А сегодня вечером, нет, уже вчера вечером позвонил из Милана Антуан, и по его тону, голосу, разговору я поняла, что Сесиль ему уже осточертела и что моя победа близка.

Мы поболтали по телефону, я спросила, какая там погода, как идут переговоры с фирмой, видел ли он боевик Чинизелли и потом, будто кстати, спросила, не знает ли он, куда девалась Сесиль, что-то я давно ее не встречаю.
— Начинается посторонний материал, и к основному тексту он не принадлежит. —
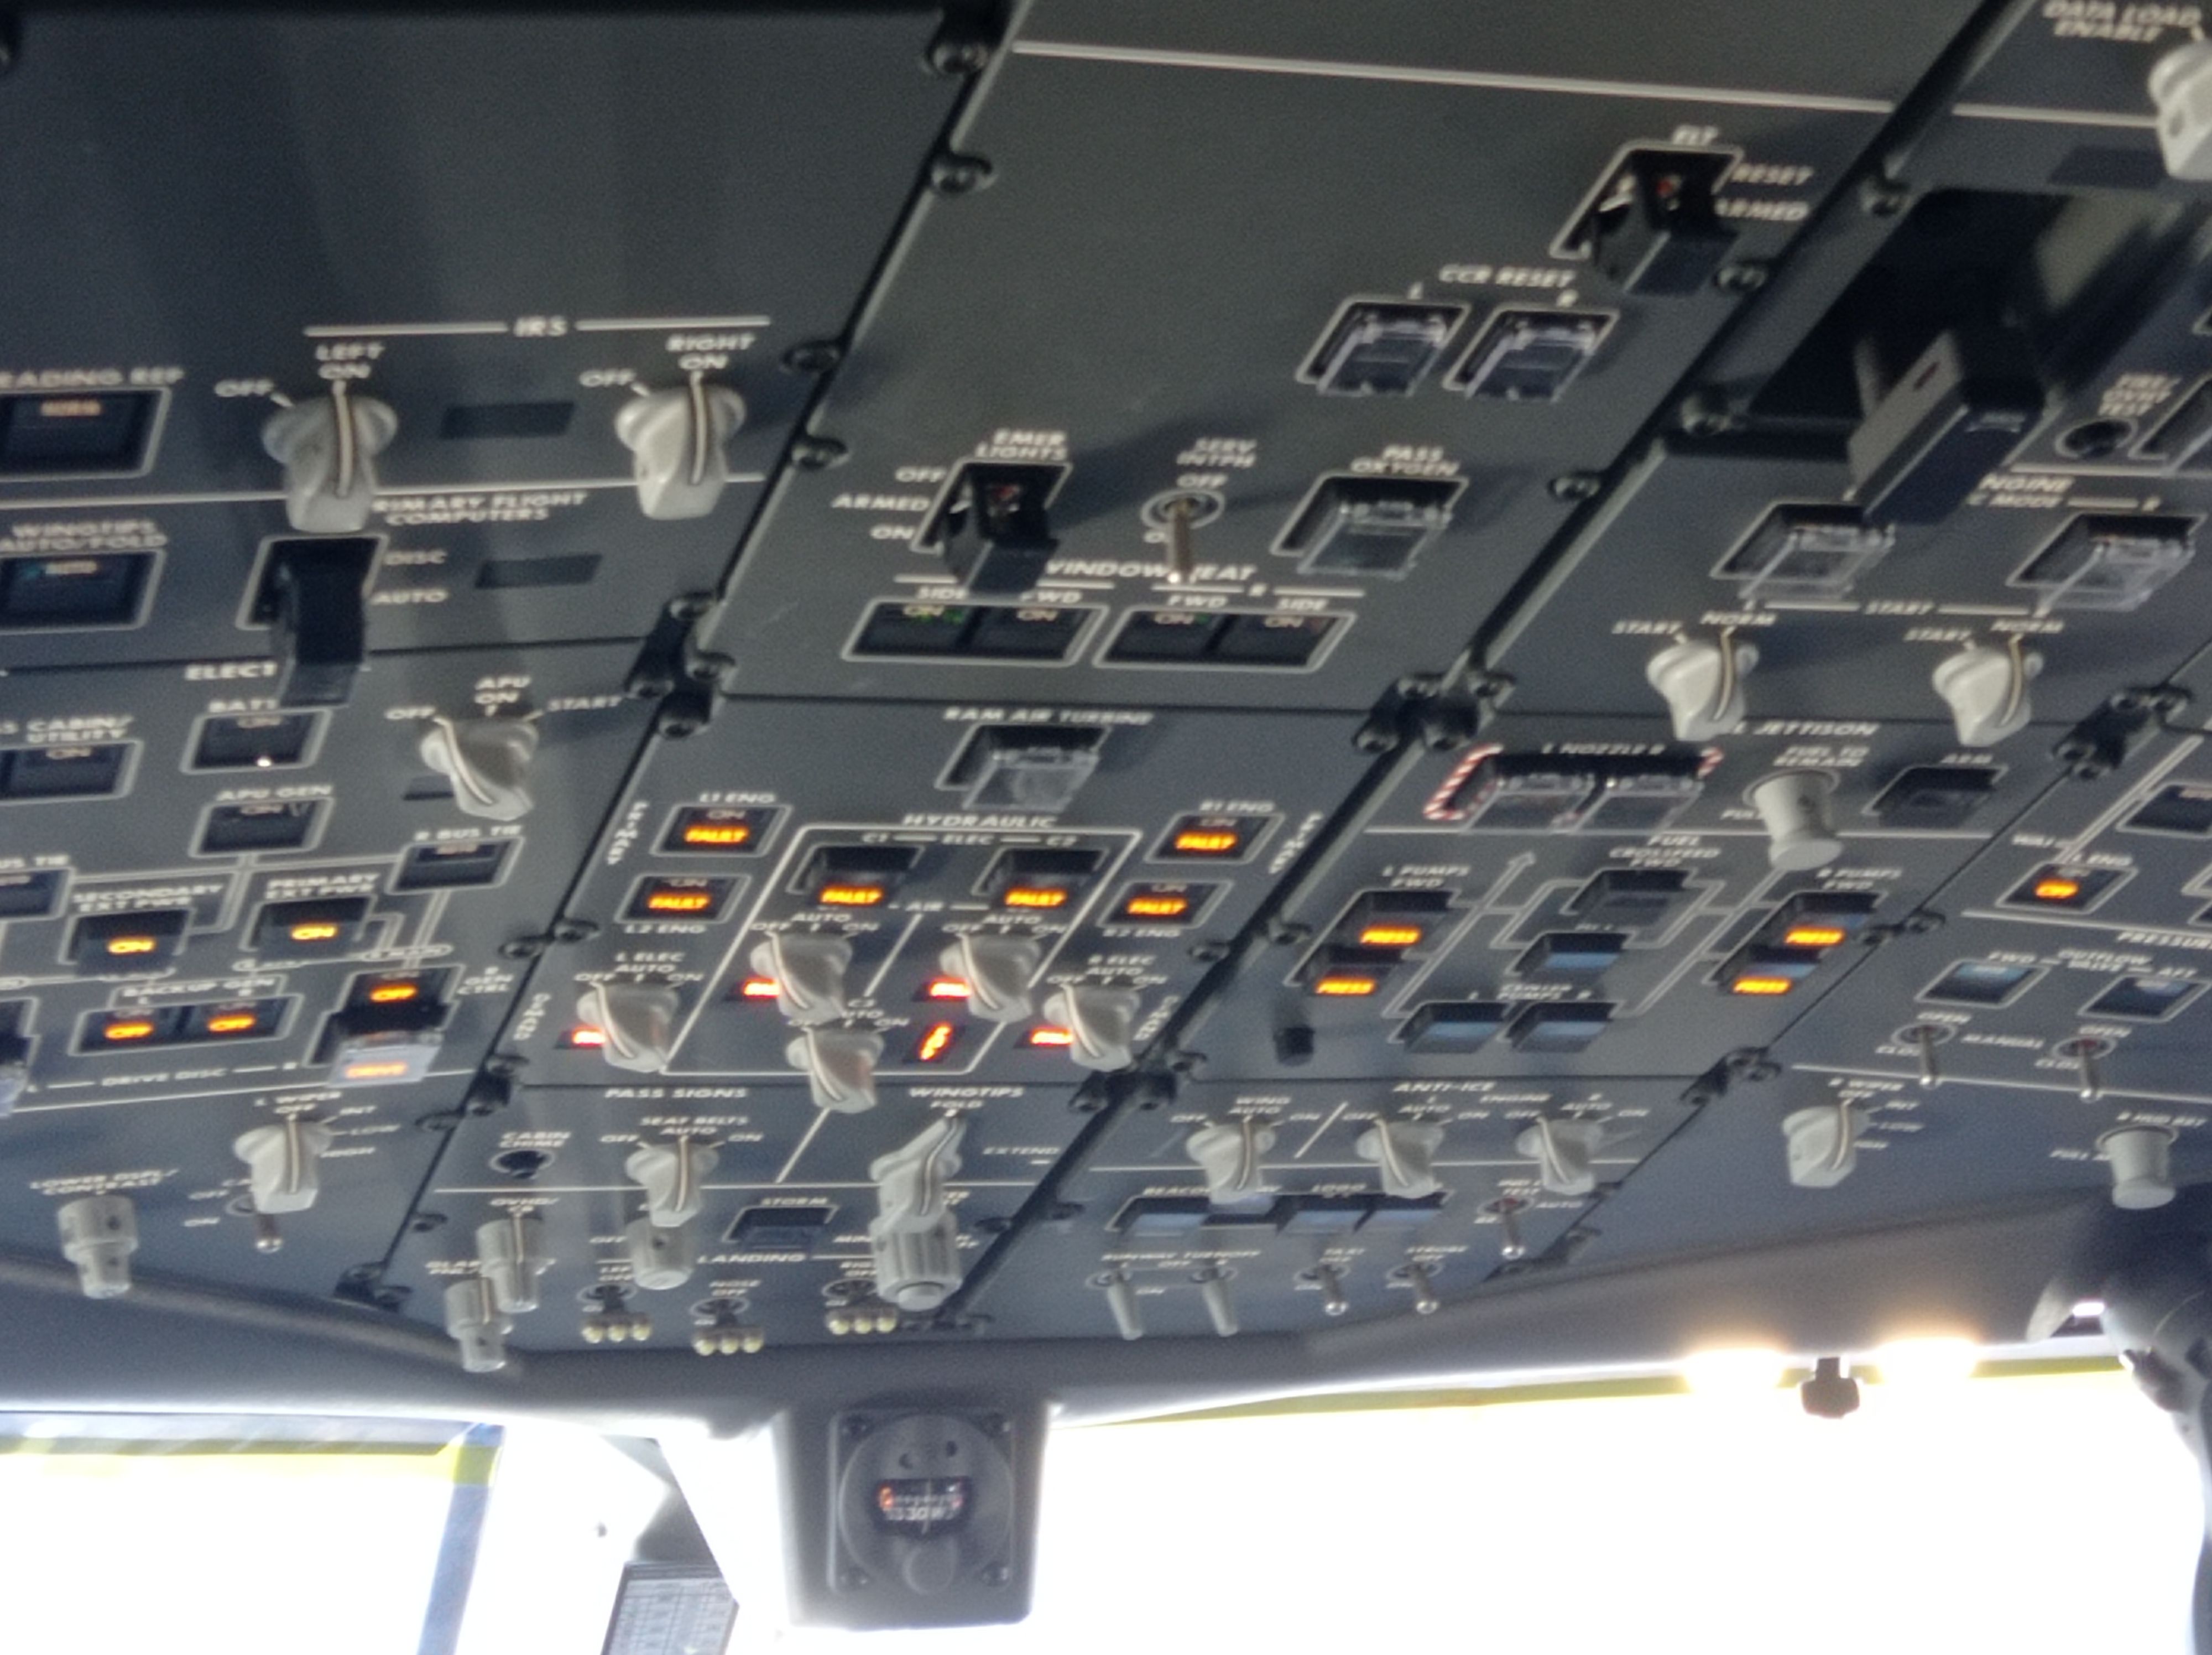 777x cockpit

Наш Антуан сказал, что понятия не имеет, куда запропастилась Сесиль, хотя я отлично слышала, что Сесиль стоит рядом с ним, старается не дышать и трется о плечо своей грудью, или что там у нее вместо этого. Потом я сказала, что когда он вернется, надо непременно пригласить к нам Сесиль на какой-нибудь вечер, что женщина с такой яркостью, оригинальностью, с такой бездной вкуса во всем, – украсит наш вечер. Я даже как будто видела лицо Антуана, оно все больше хмурилось, чем более расчетливо и расточительно я расхваливала его подружку.

Я повесила трубку в полной уверенности, что через день мой дурачок прискачет. От этого, от ощущения близкой, зримой и полной победы над соперницей я долго не могла уснуть.

А под утро пошел снег, такой крупный, как лепестки яблонь в доме отца, такой белый, как мое свадебное платье много лет тому назад. И тогда я уснула. Но не надолго: мне снилось, будто я зашла в кабинет врача и застала там врача и Антуана, занятых нехорошим делом; помогал им мой духовник и при этом повторял: «суккубус и инкубус». И еще: «In inferno nulla est redemptio[69]». Это было так смешно и гадко смотреть на всех троих, что я проснулась и услышала, как Натали разговаривает в гостиной с кем-то, чей голос, низкий и звучный, был мне совершенно незнаком. Я поняла, что Натали исполнила свое намерение – пригласить на вечеринку в качестве почетного гостя первого мужчину, которого она встретит на улице. Видимо, встретила она идиота, потому что теперь вовсю учила его, как ему держаться и что говорить, когда появлюсь я.